Notes on common dependencies and risks across applications:
- Compute and latency: Diffusion-based generation and joint attention are compute-intensive; production use may require model scaling strategies (distillation, caching, progressive inference).
- Data and calibration: Accurate time-aligned video/action/audio streams, correct FPS/sampling metadata (required by the absolute-temporal MRoPE), and reliable camera/pose calibration are critical.
- Safety and sim-to-real: Policies derived from synthetic or simulated data require staged validation and conservative deployment; uncertainty estimation is essential.
- Licensing and governance: Compliance with OpenMDW-1.1, asset/IP policies for synthetic media, and platform rules for generated content distribution.
- Security and misuse: Powerful text-to-video/image capabilities necessitate watermarking/provenance and moderation pipelines to mitigate deepfake or deceptive content risks.
Glossary
- 3D MRoPE: A 3D multimodal rotary positional embedding that splits positional encoding across temporal and spatial dimensions to align tokens across modalities. "we design a 3D MRoPE with absolute temporal indexing to align video, audio, and action tokens along the same physical temporal axis."

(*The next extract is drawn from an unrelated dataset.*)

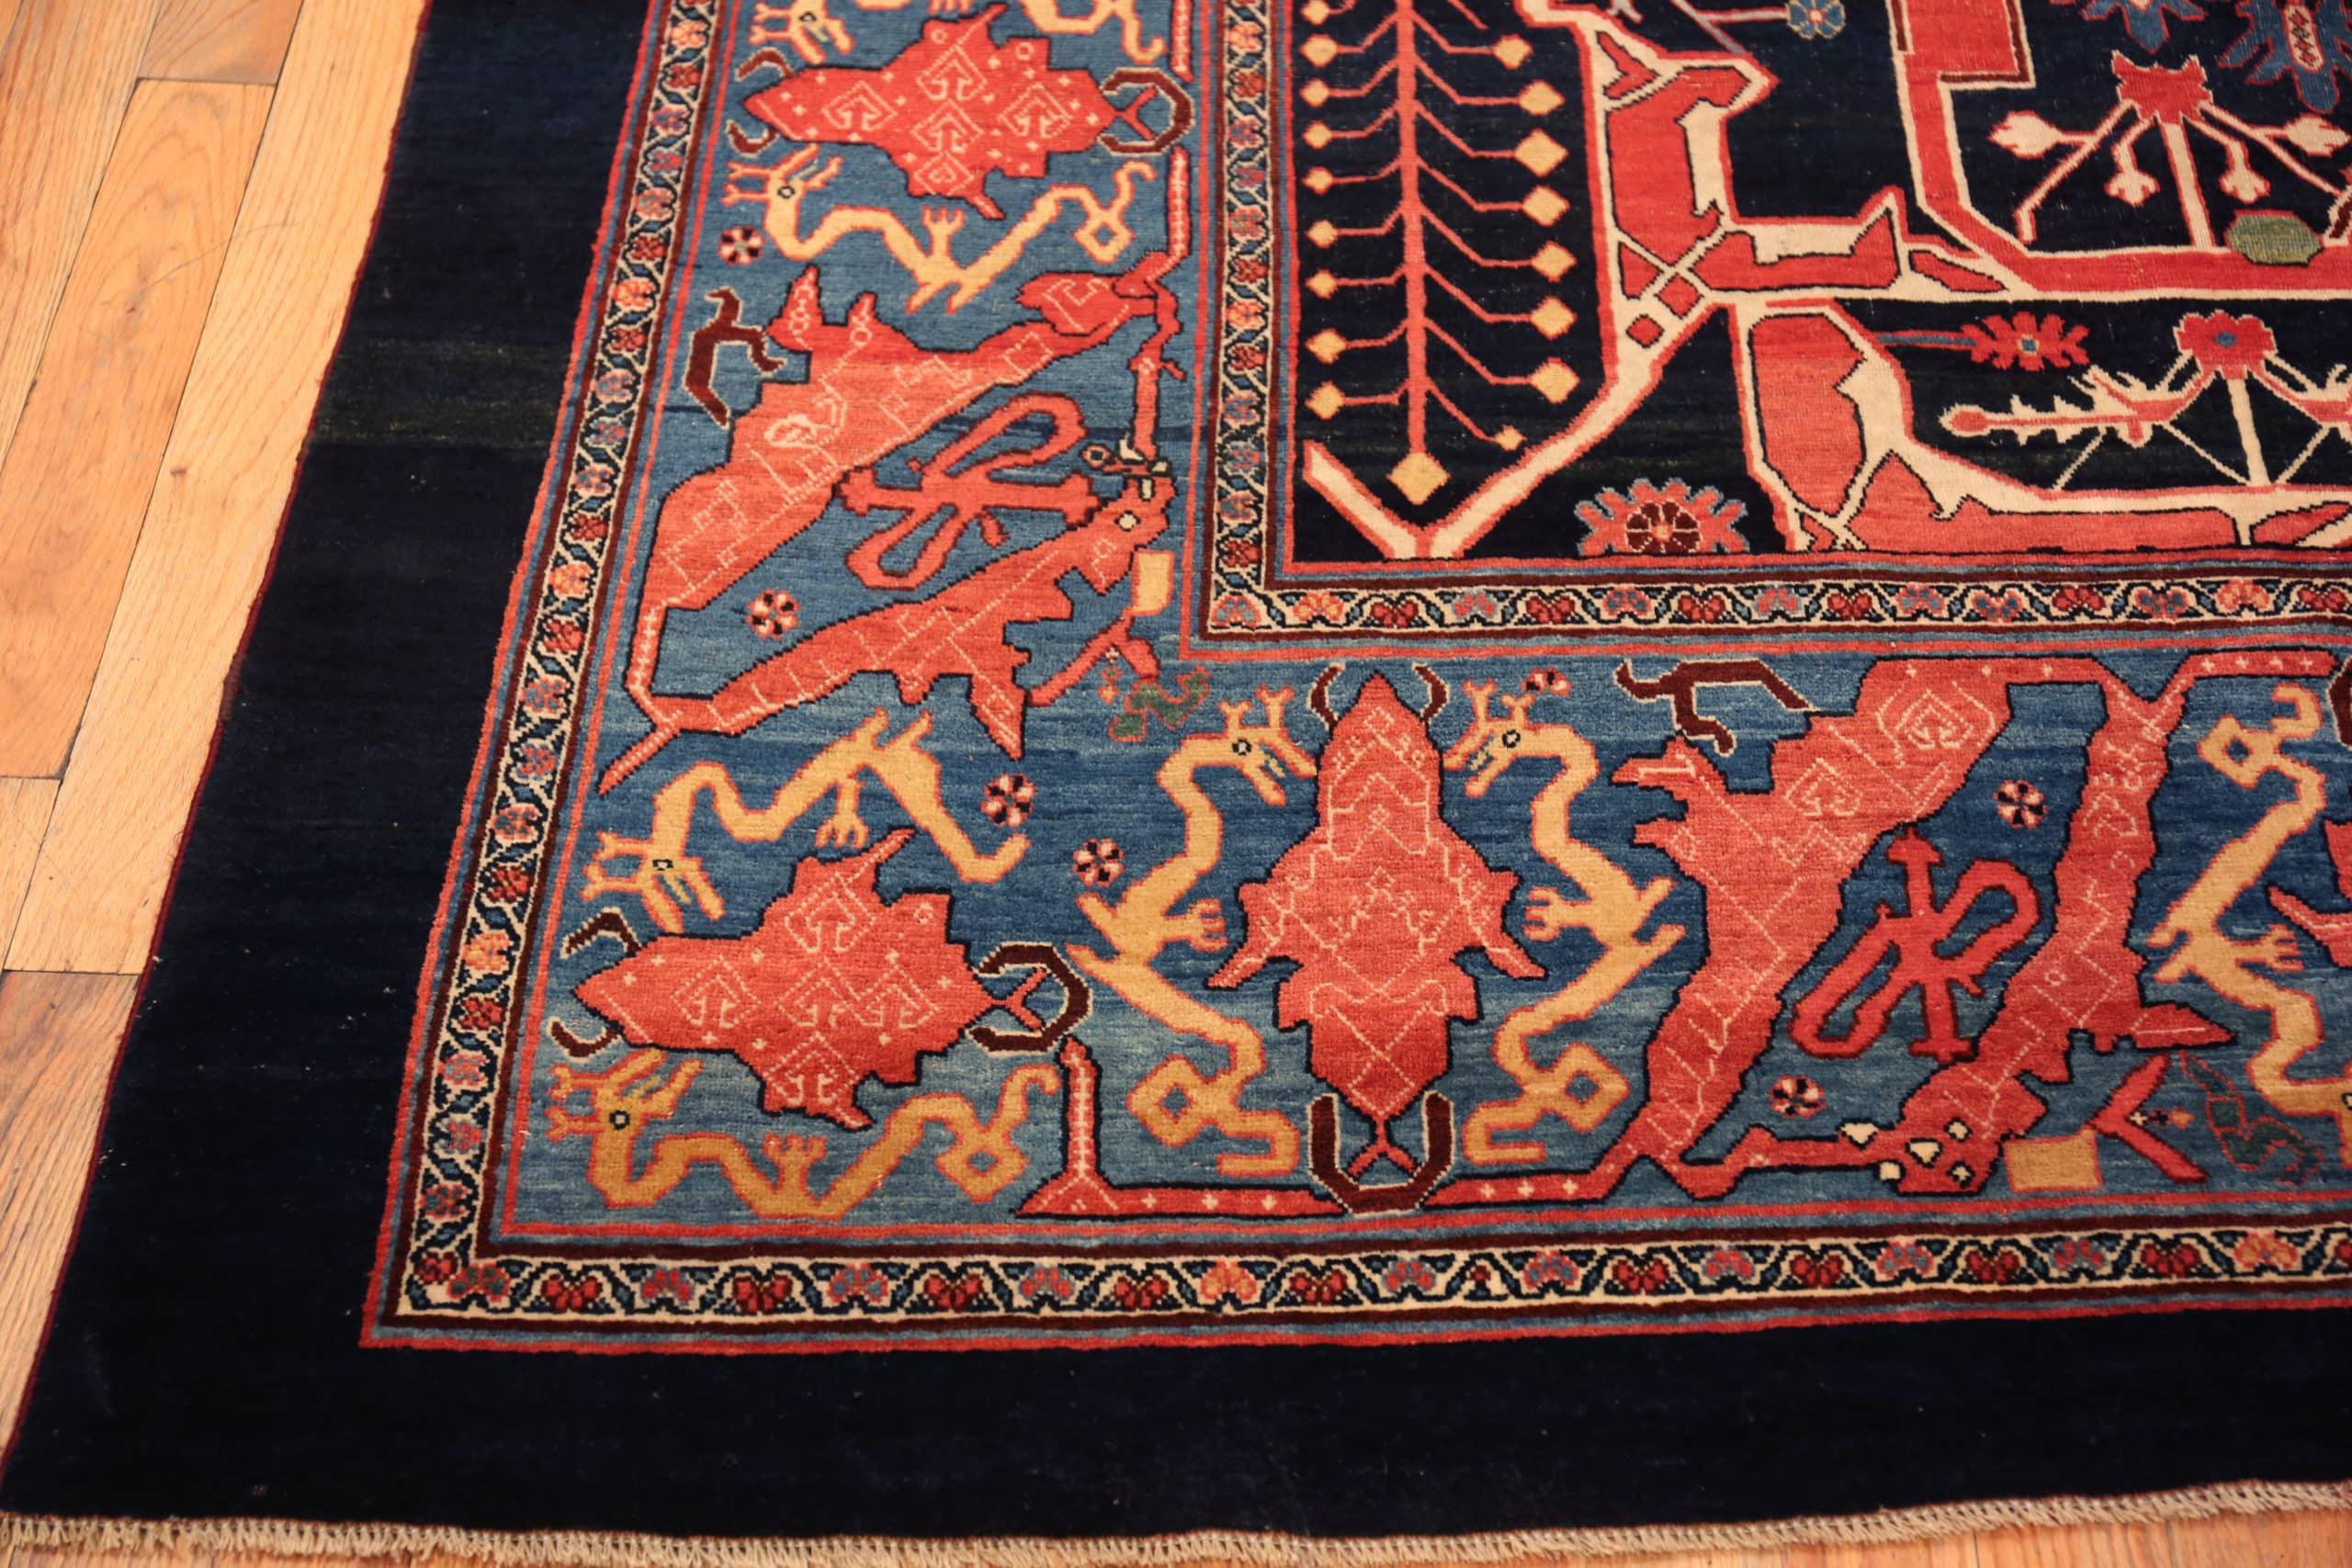 Wool Large Navy Blue Background Antique Persian Garous Design Bidjar Rug 11' x 17'8
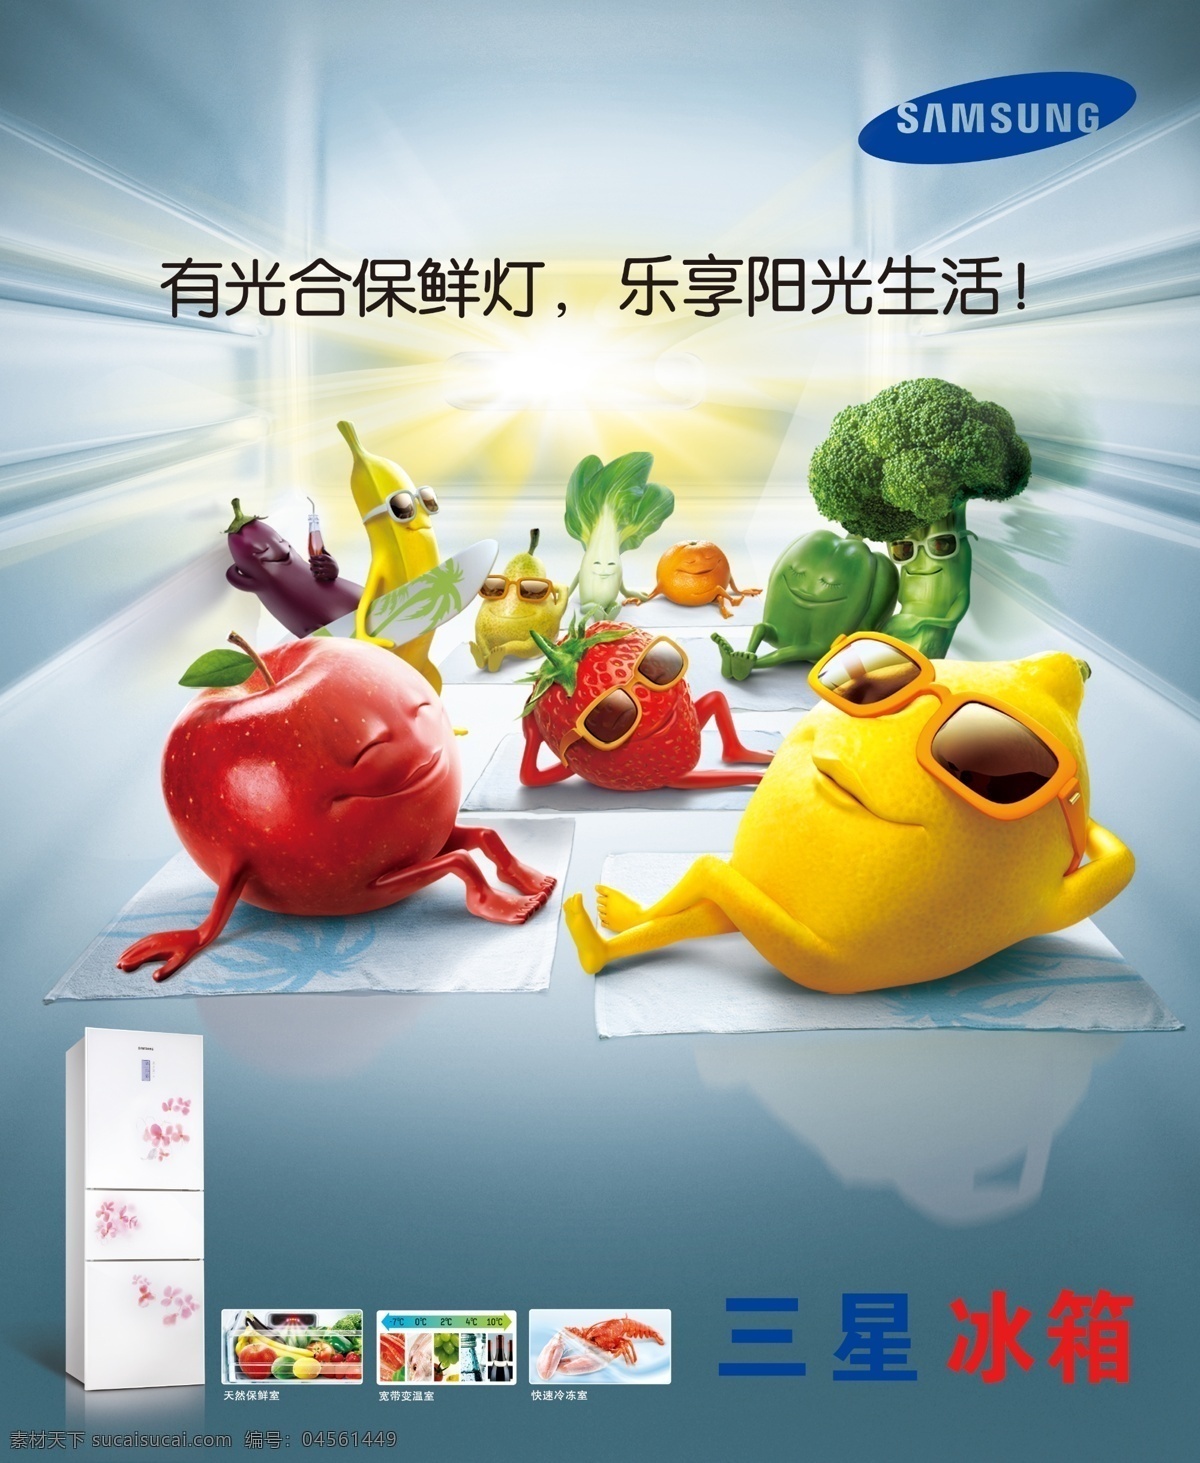 三星 冰箱 广告 分层 模版下载 光合保鲜 灯 乐享阳光生活 柠檬 苹果 荔枝

- 6D rotation representation: An over-parameterized representation of 3D rotations that improves continuity and learning stability compared to Euler angles or quaternions. "We use the 6D representation following~\citet{zhou2019continuity} and the OpenCV convention for rotations where the z-axis is along the fingers/grippers and x-axis is to the right."
- Action tokens: Learned tokens representing actions as a core modality, used to connect control signals with multimodal reasoning and generation. "Cosmos 3 treats action as a core modality, introducing a dedicated class of action tokens."
- Autoregressive (AR) subsequence: The front segment of the packed token sequence used for reasoning with causal attention (e.g., language and ViT-encoded vision). "The AR subsequence is responsible for reasoning and understanding."
- Begin-of-generation (BOG) token: A special token marking the transition point where generation begins in the packed sequence. "ending with <EOS> and a begin-of-generation token <BOG>,"
- Bidirectional attention: Attention that allows tokens to attend to both past and future positions (used for diffusion tokens). "Tokens in the DM subsequence use full bidirectional attention, with the union of AR and DM tokens serving as the keys and values."
- Causal self-attention: Attention constrained to past tokens only, preserving the autoregressive property for language/understanding. "Tokens in the AR subsequence attend only to tokens within the AR subsequence using causal self-attention;"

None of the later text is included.